Mr Lucky · Dec 20, 2021

JoyFreak said:
Yes that does it but that also revokes access to guests viewing those pages which is not what I want. I just ended up adding it in my robots.txt.

I don’t think Google bother about robots.txt

A note on unsupported rules in robots.txt | Google Search Central Blog | Google for Developers

developers.google.com

JoyFreak · Dec 20, 2021

Mr Lucky said:
I don’t think Google bother about robots.txt

A note on unsupported rules in robots.txt | Google Search Central Blog | Google for Developers

developers.google.com

From my understanding, you can still use disallow in robots.txt and that it’s still being read.

Mr Lucky · Dec 20, 2021

JoyFreak said:
From my understanding, you can still use disallow in robots.txt and that it’s still being read.
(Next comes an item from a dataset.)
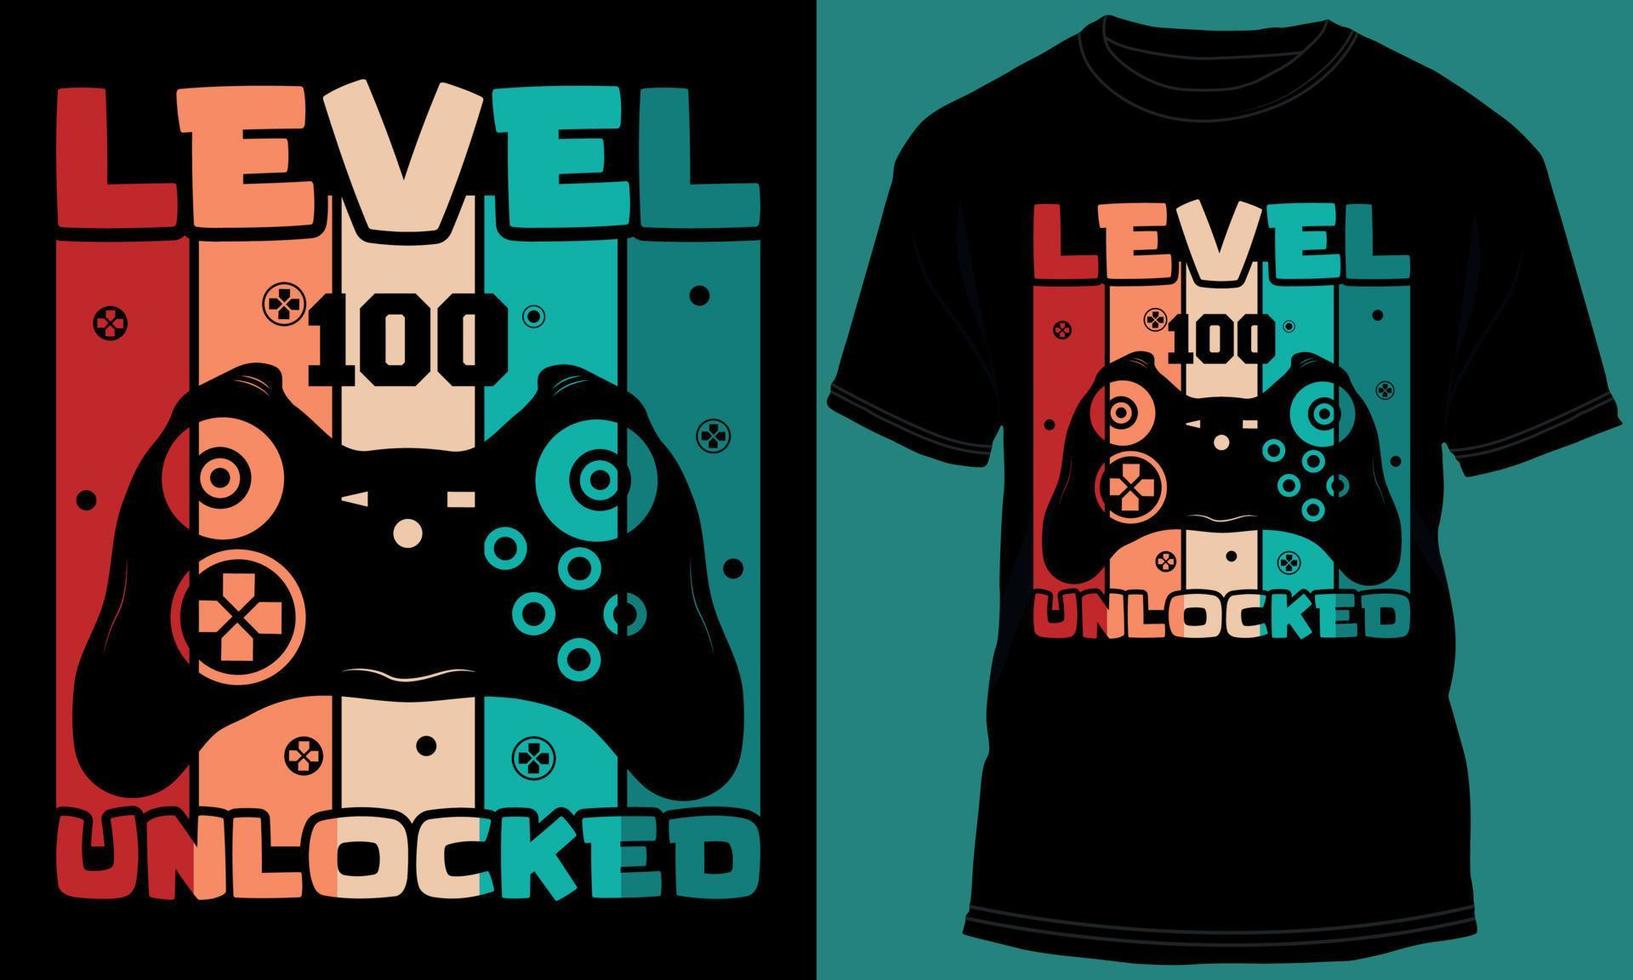 Spieler oder Spielen Niveau 100 freigeschaltet T-Shirt Design vektor

Ok maybe it is, but I think it doesn’t stop it from indexing disallowed pages if it sees links to those pages. So I prefer noindex in meta tag.

JoyFreak · Dec 21, 2021

Mr Lucky said:
Ok maybe it is, but I think it doesn’t stop it from indexing disallowed pages if it sees links to those pages. So I prefer noindex in meta tag.

This, right?

<xf:head option="metaNoindex"><meta name="robots" content="noindex" /></xf:head>

Do you have to add this to every page via editing every template or is there a way you can target everything under that URL for instance website.com/example/*

Like would adding that above code to "member_view" be sufficient and targets all tab pages on the profile page or will I need to add these into the other templates like the "member_about" etc.?

Mr Lucky · Dec 21, 2021

Aha, in that link I mentioned above, it seems like Google is going to try to do better regarding not indexing when there is a link to a disallow

Disallow in robots.txt: Search engines can only index pages that they know about, so blocking the page from being crawled usually means its content won't be indexed. While the search engine may also index a URL based on links from other pages, without seeing the content itself, we aim to make such pages less visible in the future.

JoyFreak · Dec 21, 2021

This is true. But how does one remove already indexed content? Like for example, my site has indexed all member profile pages and I've only recently added the disallow for /members/ in the robots.txt. Google will still try to attempt to recrawl because it's indexed already.

Mr Lucky · Dec 21, 2021

JoyFreak said:
This is true. But how does one remove already indexed content? Like for example, my site has indexed all member profile pages and I've only recently added the disallow for /members/ in the robots.txt. Google will still try to attempt to recrawl because it's indexed already.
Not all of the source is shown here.